The Federation Drought was a prolonged period of drought that occurred in Australia around the time of Federation in 1901.

Though often thought of as a long drought, until the record dry year of 1902 the period was actually one of a number of very dry spells interspersed with wetter weather. Dry conditions gradually became established during the late 1890s and several dry areas joined together to create the end result of a drought covering more than half the continent.

==Beginnings==
Except for a widespread El Nino drought in 1888, the late 1880s and early 1890s were a period of extremely heavy rainfall over New South Wales, Queensland and to a lesser extent Victoria and the settled areas of Tasmania and South Australia.
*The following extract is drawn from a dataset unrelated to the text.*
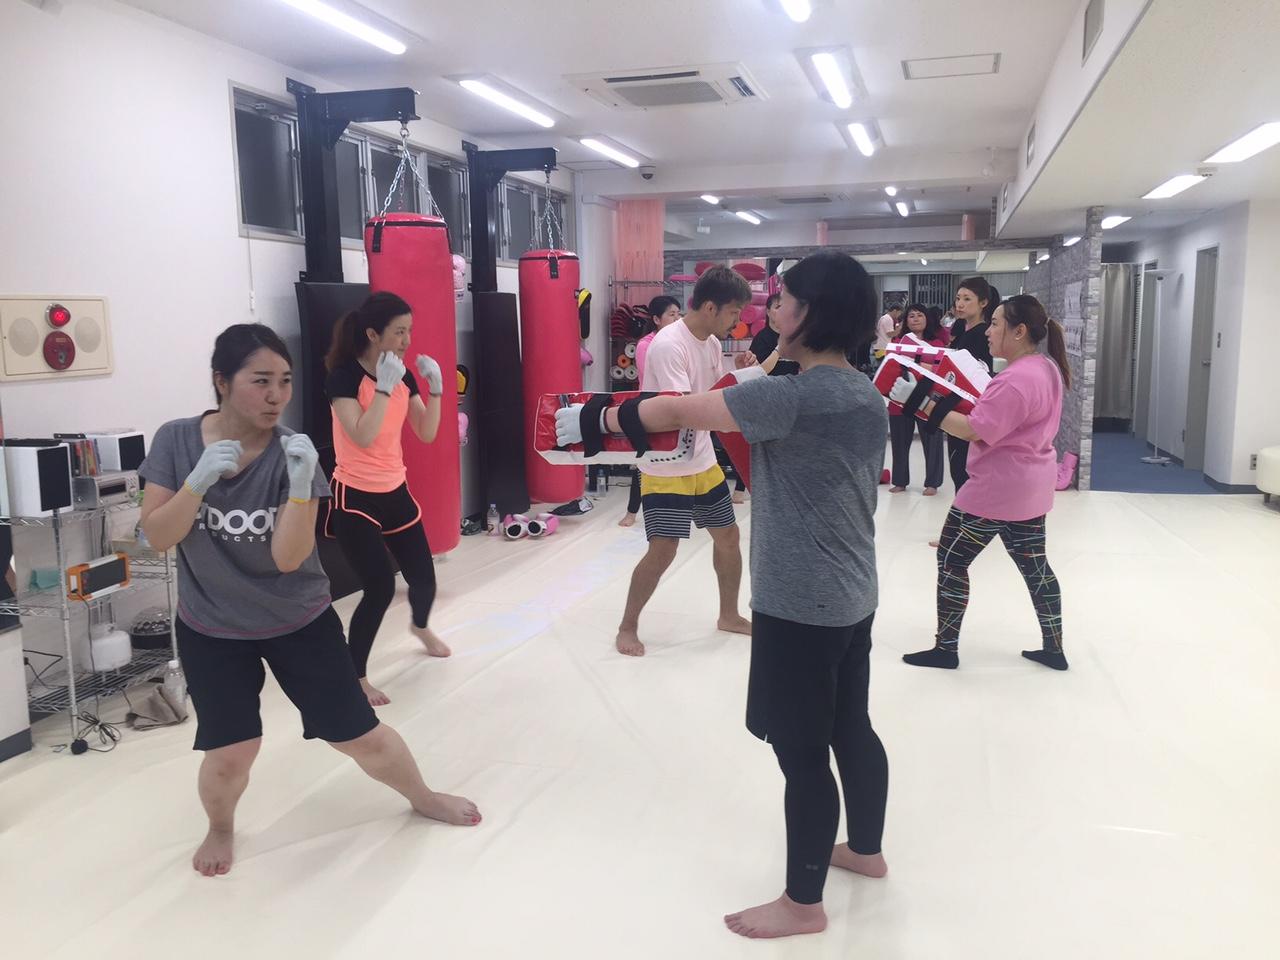 ボクシング 女性 キック

Lake Eyre is believed to have filled with water from Cooper Creek in 1886/1887, 1889/1890 and 1894.

The wet spell of the early 1890s ended earliest in the area between Melbourne and Sydney, where rainfall in 1894 was below normal even as much of inland Queensland and New South Wales had one of their wettest years on record. A very hot November with temperatures reaching 40 C made the situation critical in some areas. Though Sydney had heavy rainfall in January and February 1895, from March that year drought began spreading widely across New South Wales and Victoria. The winter that year was the driest on record in Sydney, and despite a relieving fall during September, Sydney's rainfall for the period March to December was the third-lowest on record. The winter was dominated by very strong westerly winds to quite low latitudes and was very wet in southwestern Australia and wet in the Adelaide region and Western District of Victoria, but only about average in the drier areas further inland. Over all of Victoria and South Australia, however, extremely dry weather in October and November was sufficient to cause the failure of many wheat crops, whilst in East Gippsland these months saw unprecedented rainless spells.

==1895==
These years began with a hot spell and numerous bushfires especially in Gippsland, which had suffered two years of deficient rainfall. Despite a very powerful monsoon in the north, heavy rains therefrom during February only broke the drought temporarily, as El Niño developed later that year. Despite El Niño, drought-stricken Gippsland has one of its wettest winters on record as a series of storms produced torrential rains between Melbourne and Sydney—and around Hobart—in June and again in August. Early in September, huge floods occurred on East Gippsland streams as Orbost received 179.9 mm in three days, but inland Victoria and New South Wales had been dry ever since May and the rest of September and October were almost completely dry, leading to another wheat crop failure.

November was very wet in northern New South Wales, but still dry further south, whilst in the settled areas of South Australia dry conditions had been much worse, with no above-average rainfall since April.

==1897==
This year began with cool, moist summer weather in most of Victoria and New South Wales, but conditions in Queensland, which had continued to have heavy rain during the "wet" season in 1895 and 1896 became drier. In inland districts the first transition to drought began as February and March were distinctly dry.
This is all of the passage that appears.